Functions for possible tick salivary gland proteins and families have been proposed in a variety of sialome papers and will not be stated here (Valenzuela et al., 2002b; Francischetti et al., 2005; Ribeiro et al., 2006). Biochemical analysis has indicated that A. monolakensis possess anti-thrombin (monobin) and anti-platelet (monogrins and apyrase) activities that are orthologous to that found in Ornithodoros soft ticks (Mans et al., 2007). Monobin and the monogrins belong to the Kunitz/BPTI-family as was previously found for soft tick inhibitors (Joubert et al., 1998; Mans et al., 2002b; van de Locht et al., 1996; Waxman et al., 1990). These are so far, the only confirmed functions for the salivary gland proteins from A. monolakensis. Other functions observed in SGE include fibrinogenase and collagenase activity (results not shown) that are most probably associated with metalloproteases (Francischetti et al., 2003). Other functions readily transferable via homology include anti-microbial activities of defensins and microplusin-like proteins previously found in ticks (Fogaça et al., 2004; Lai et al., 2004; Todd et al., 2007; Zhou et al., 2007).

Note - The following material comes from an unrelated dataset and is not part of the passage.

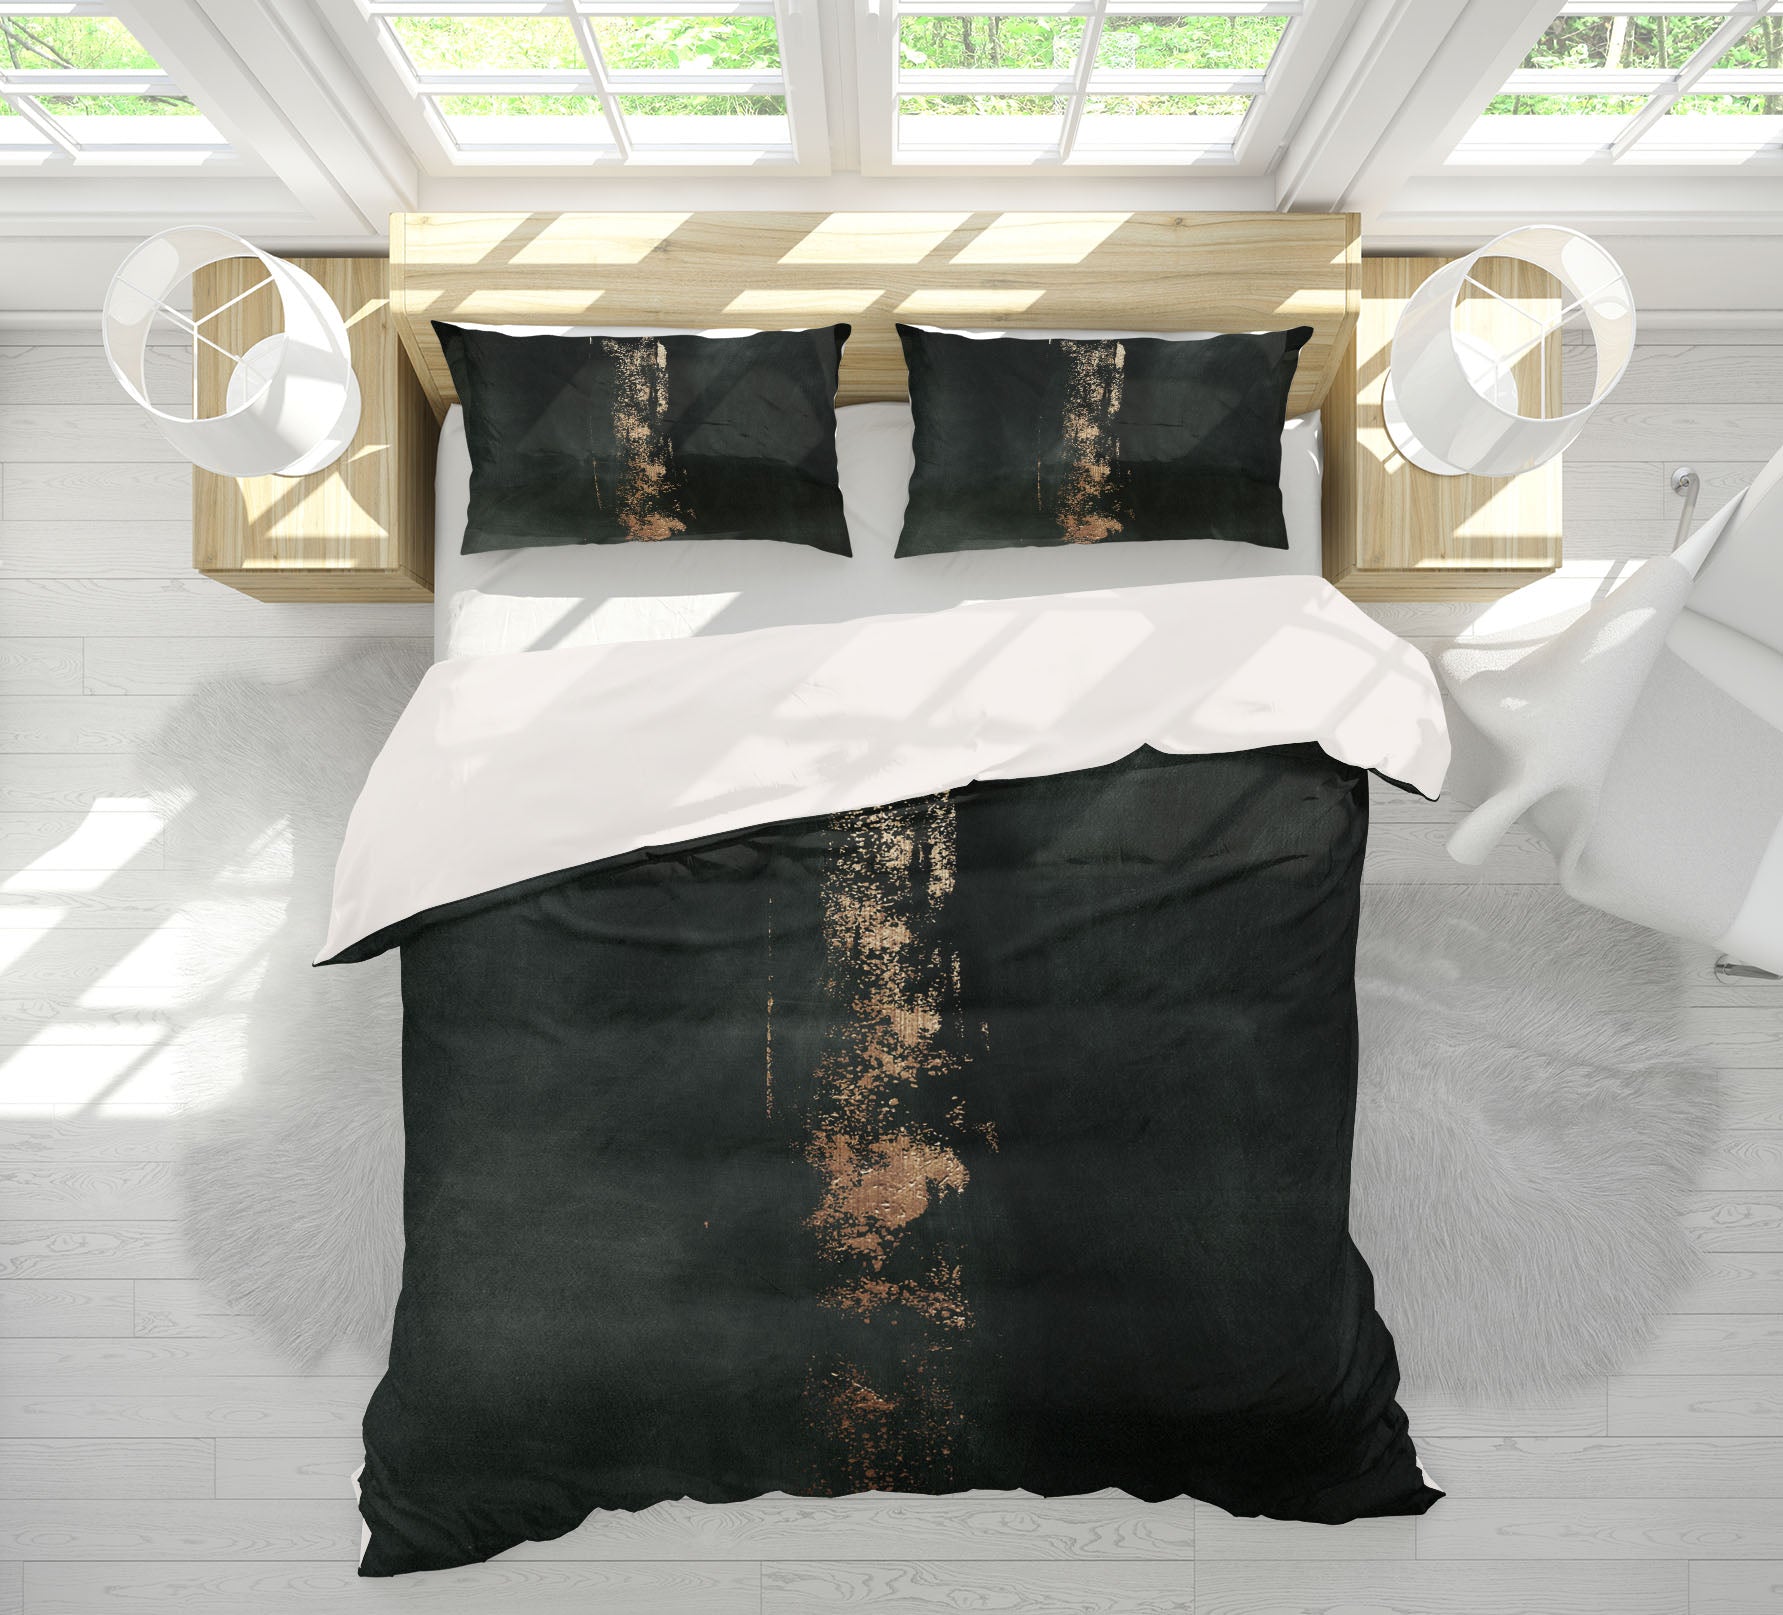 3D Fata Morgana 143 Boris Draschoff Bedding Bed Pillowcases Quilt

The salivary transcriptomes from various hard tick species have been described. These include Amblyomma variegatum (Nene et al., 2002), Dermacentor andersoni (Alarcon-Chaidez et al., 2007), Haemaphysalis longicornis (Nakajima et al., 2005), I. pacificus (Francischetti et al., 2005), I. scapularis (Valenzuela et al., 2002b; Ribeiro et al., 2006), and Rhipicephalus appendiculatus (Nene et al., 2004). With the data obtained in the present study the question can be asked, as to how many salivary gland derived protein domains are conserved between hard and soft tick species? This will serve as an indication of the protein domain repertoire that was present in the salivary glands of the ancestral tick lineage. In order to address this, secretory proteins identified in this study were used in PSI-BLAST analysis to retrieve hard tick proteins that has also been identified in salivary glands from the non-redundant database. This search mostly identified proteins from Ixodes and Haemaphysalis species, as protein sequence data for these ticks are available in the non-redundant protein database. In cases where EST sequences were deposited instead of protein sequences, clusterized databases were constructed for each species after which TBLASTN analysis was performed to detect homologs. This analysis indicates that the major protein domains are conserved between the soft and hard tick families, indicating that most of the protein folds found in ticks were already present in the salivary glands of the ancestral tick lineage (Table 2; supplementary material). It is of interest, that in some cases where no positive hits were found in hard tick salivary gland databases, homologs were found in the transcriptome data of B. microplus which includes pooled transcripts from a variety of organs. This would indicate that although these specific proteins were not expressed in hard tick salivary glands they were probably present in the genome of the ancestral tick lineage. In these cases, expression might have been lost in hard tick salivary glands or have been co-opted in soft tick salivary glands at a later time. The overall trends observed for soft tick salivary glands are also apparent for the hard tick protein families, in that the major families seem to be the BTSP, kunitz, lipocalin and metalloprotease families.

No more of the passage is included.